Их жизнь состояла только из самого простого, насущного, необходимого. Всё, что прежде тревожило, волновало, заставляло беспокоиться, нервничать, суетиться, оказалось совсем неважным. Все прошлые события как будто никак не были связаны с настоящим.

Ерошка часто вспоминал свою жизнь, представлял её ярко, в деталях, мелочах. Он лежал в темноте с открытыми глазами, и его не покидало ощущение, что все прошедшие события происходили с другим, посторонним человеком, которого давно уже нет. Там, в нереальном этом прошлом, от которого почти не осталось никаких следов, жил кто-то похожий на него, какой-то двоюродный родственник, мало связанный с нынешним Ерофеем Бубенцовым. Всё, что творил тот человек, о чём мечтал, что говорил, что думал, — всё это было чужой жизнью и теперь мало касалось его, Ерофея Бубенцова, обитателя бетонного укрывища.

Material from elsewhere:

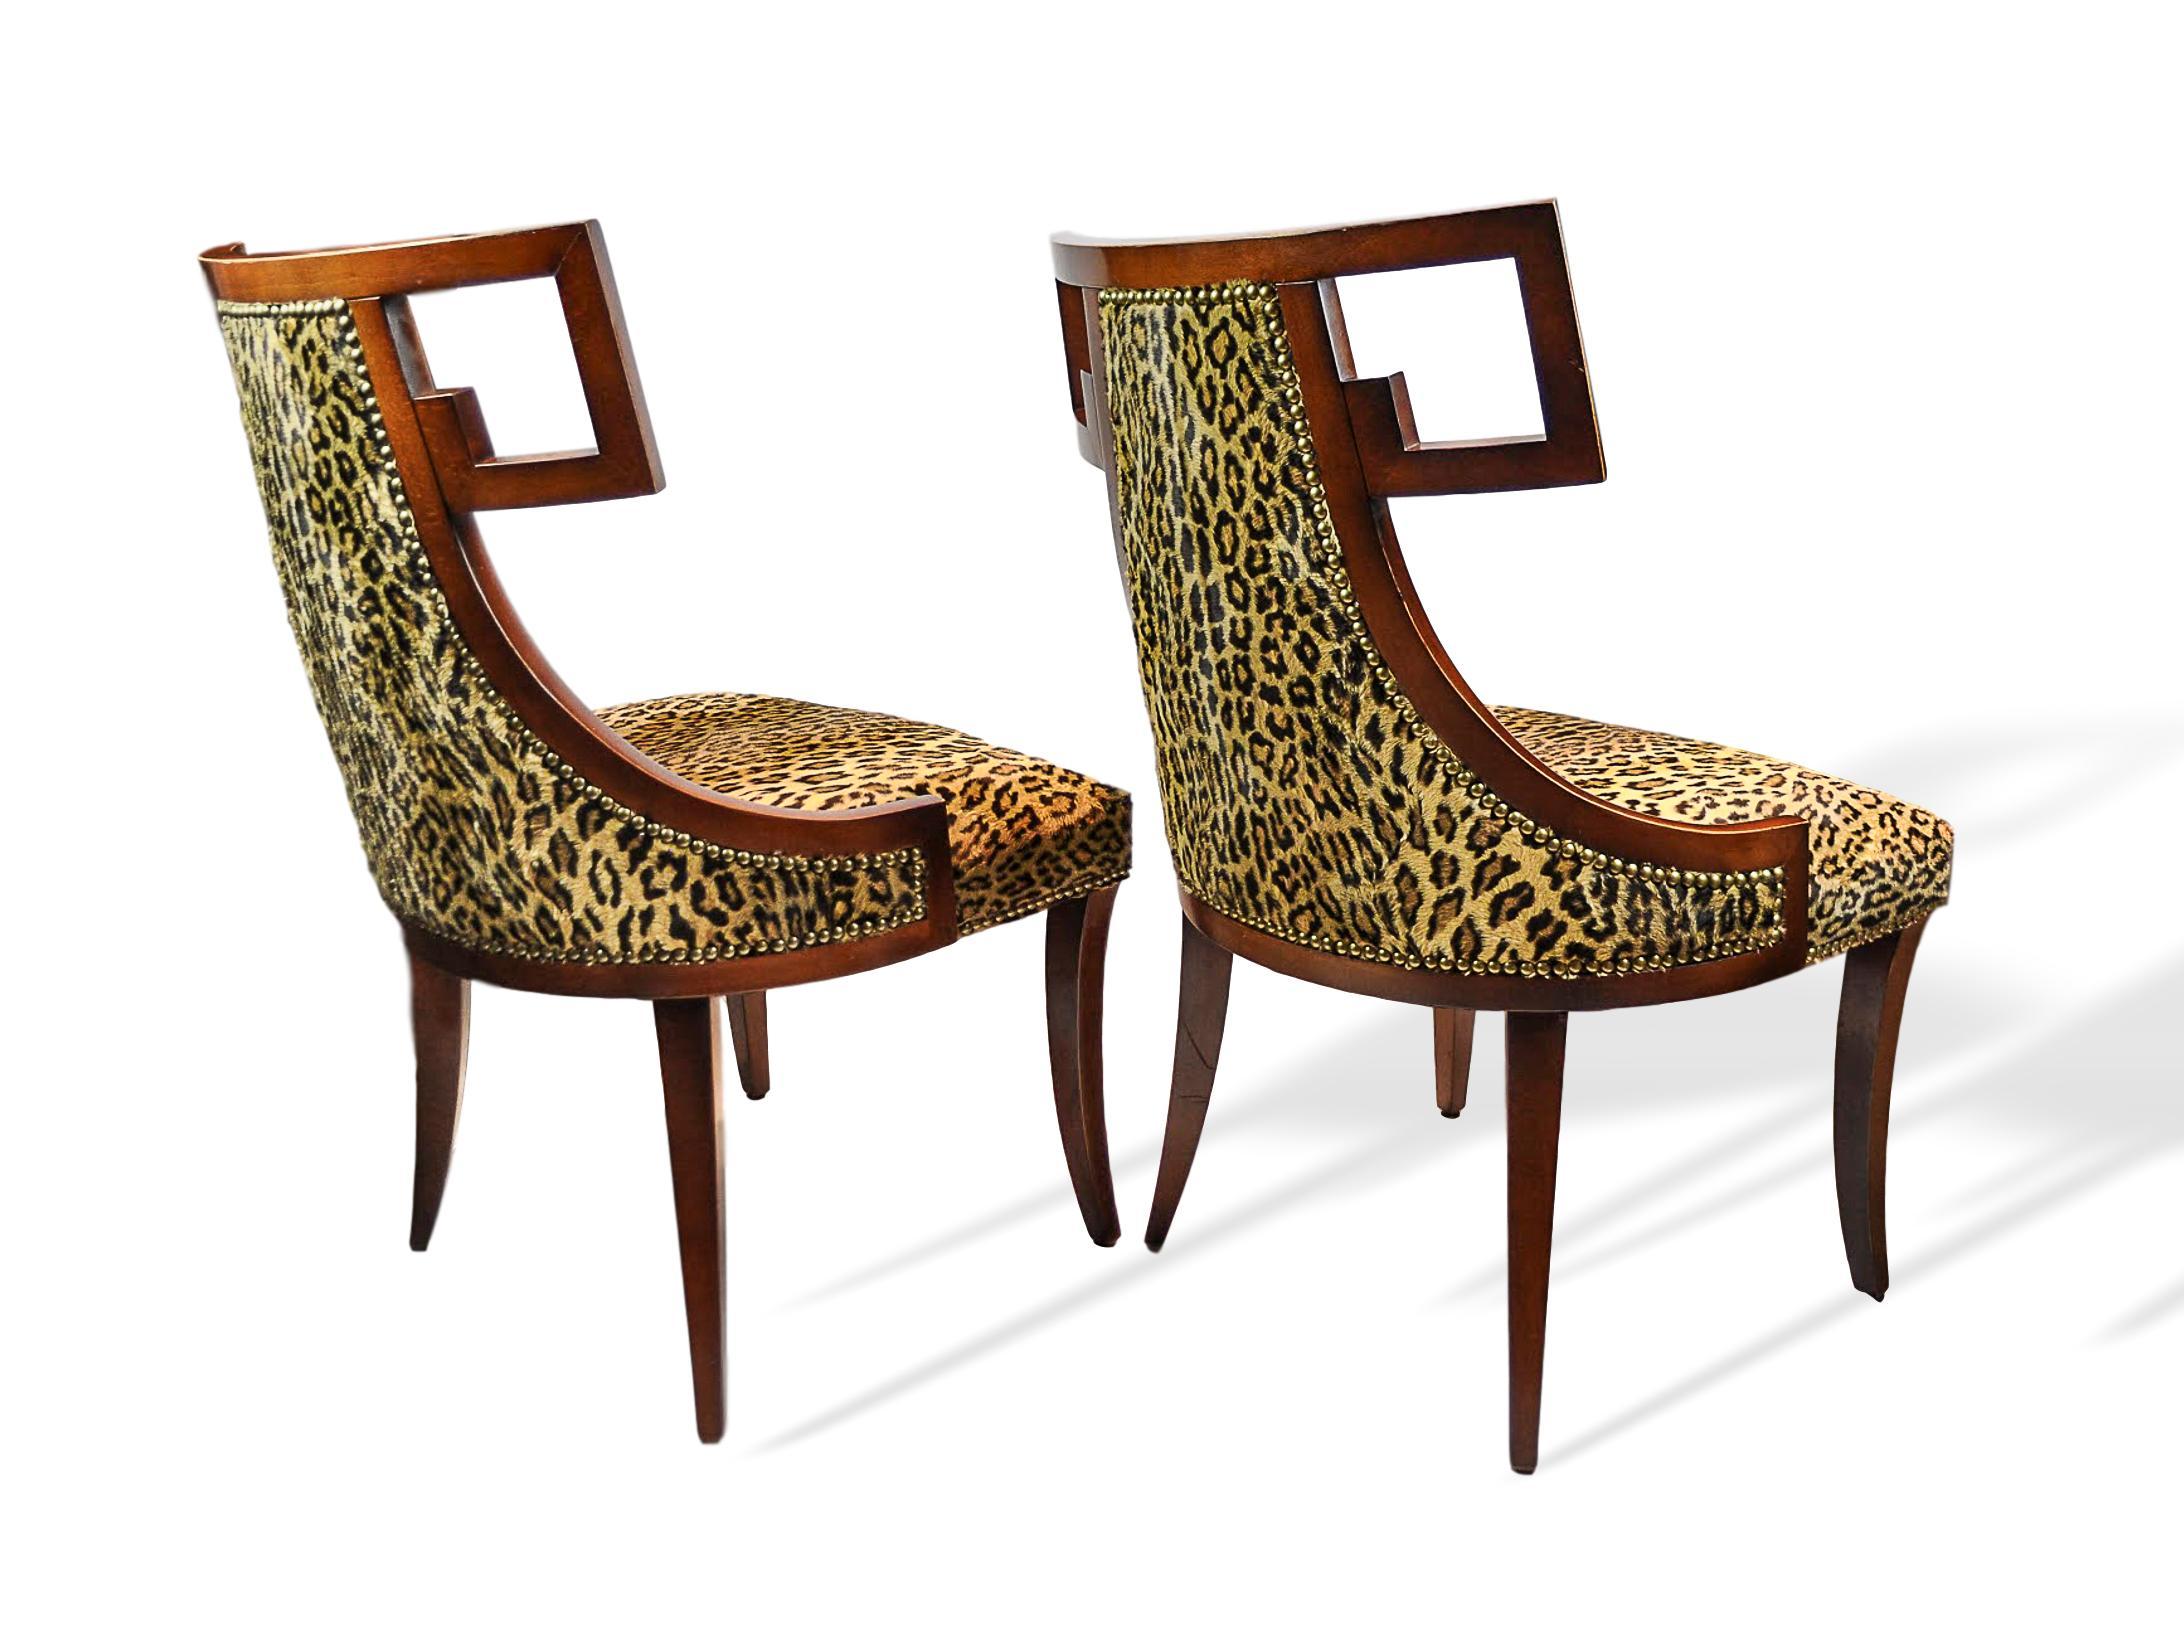 Pair of Baker Greek Key Chairs Newly Upholstered in Ralph Lauren Leopard Fabric In Good Condition For Sale In Banner Elk, NC
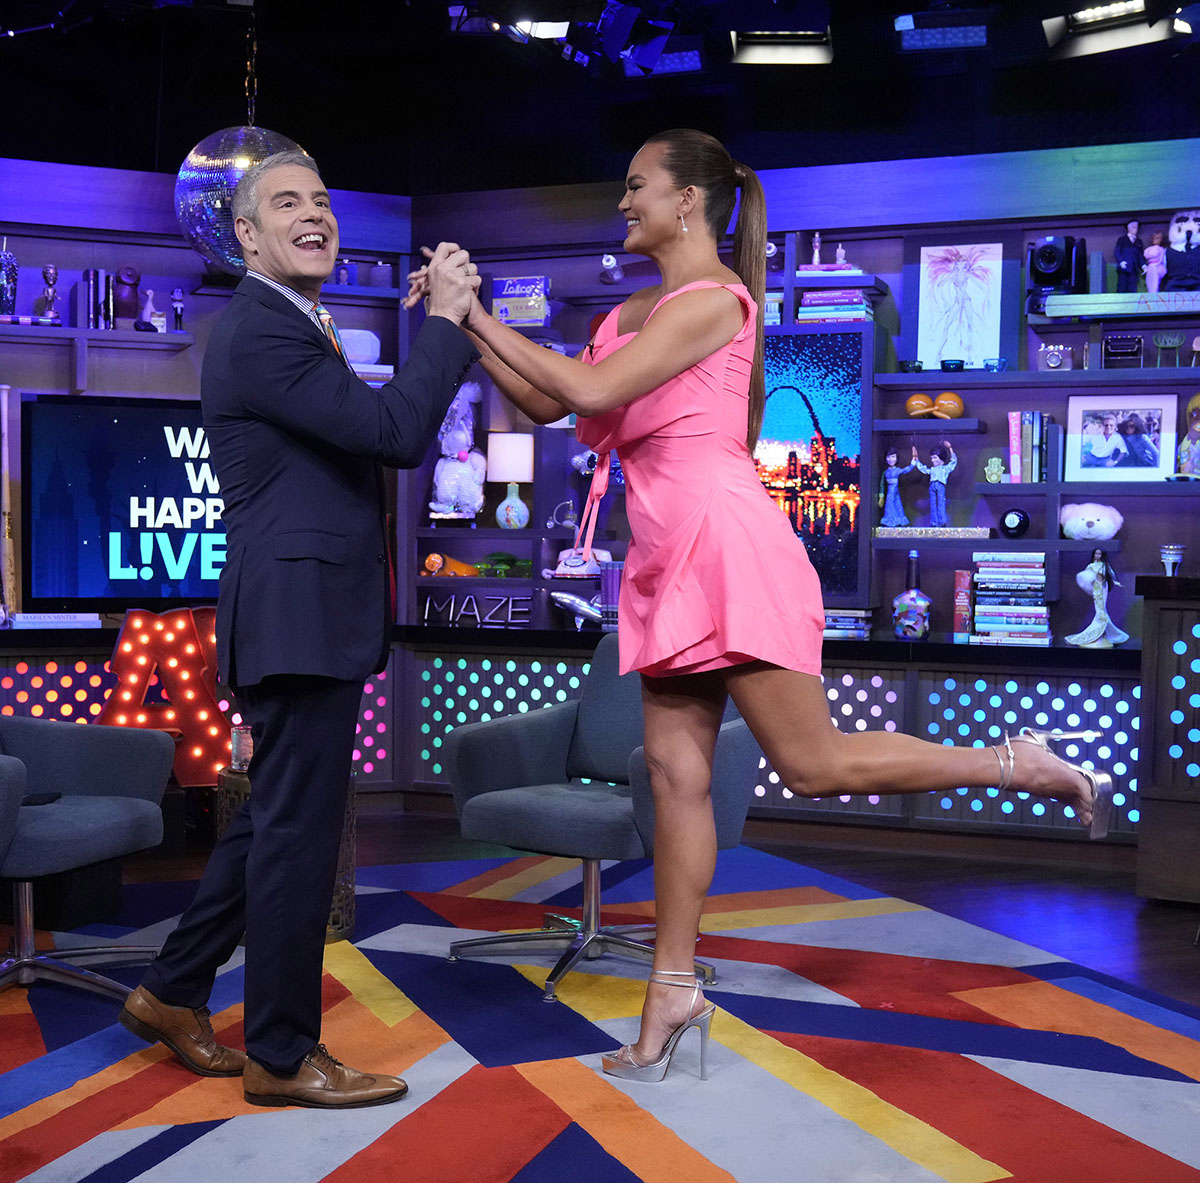 pink vivienne westwood dress, silver high heels, WATCH WHAT HAPPENS LIVE WITH ANDY COHEN -- Episode 20092 -- Pictured: Chrissy Teigen -- (Photo by: Charles Sykes/Bravo via Getty Images), andy cohen

Самость не может жить в прошлом. Она всегда здесь, при тебе. Самость живёт только в настоящем. Или в загадочной вечности, где настоящее никогда не проходит.

Но зачем тогда всё было? Зачем ему это прошлое? Зачем вся сложнейшая совокупность действий, мыслей, чувств, переживаний прошедшей жизни? Неужели все эти перемены были нужны только затем, чтобы привести вот к этому непонятному результату? Впрочем, как можно назвать результатом то текучее состояние, неустойчивое, непрерывно переменяющееся? То, что скользит, ускользает, проскальзывает меж прошлым и будущим. Стало быть, эта жизнь, что теперь струится в нём, тоже всего лишь промежуточный результат. Окончательный же наступит в момент смерти, когда душа вырвется из текучей плоскости, вызволится из вязкого потока времени.

Всё зыбко, всё неопределённо, всё переменчиво. Но кое-что верное в его жизни всё-таки оставалось. Несомненное, настоящее, драгоценное. У него была Вера. Она сейчас лежала на его руке, тихо дышала в темноте. Лицо её белело во мраке, он приближался, щекой своей чувствовал тепло её дыхания. Но в объективных ощущениях его был некий изъян, о котором он прекрасно знал. Он не мог её разглядеть в темноте, а потому воображение рисовало образ, немного не соответствующий реальности. Он почему-то упорно представлял её с косой, хотя косы давно уже не было. У Веры была короткая стрижка, как у мальчика. Как будто пережила тиф. Густую свою косу она уступила Изольде Грэйф, сухопарой, злой сценаристке, помощнице режиссёра. Это было в Красногорске, где оба они подрабатывали в массовке. Гримёры тотчас остригли Веру, прямо на съёмочной площадке. Немедленно стали прикладывать, примеривать великолепные русые волосы на длинный череп Изольды Грэйф. На эти деньги они жили потом почти месяц.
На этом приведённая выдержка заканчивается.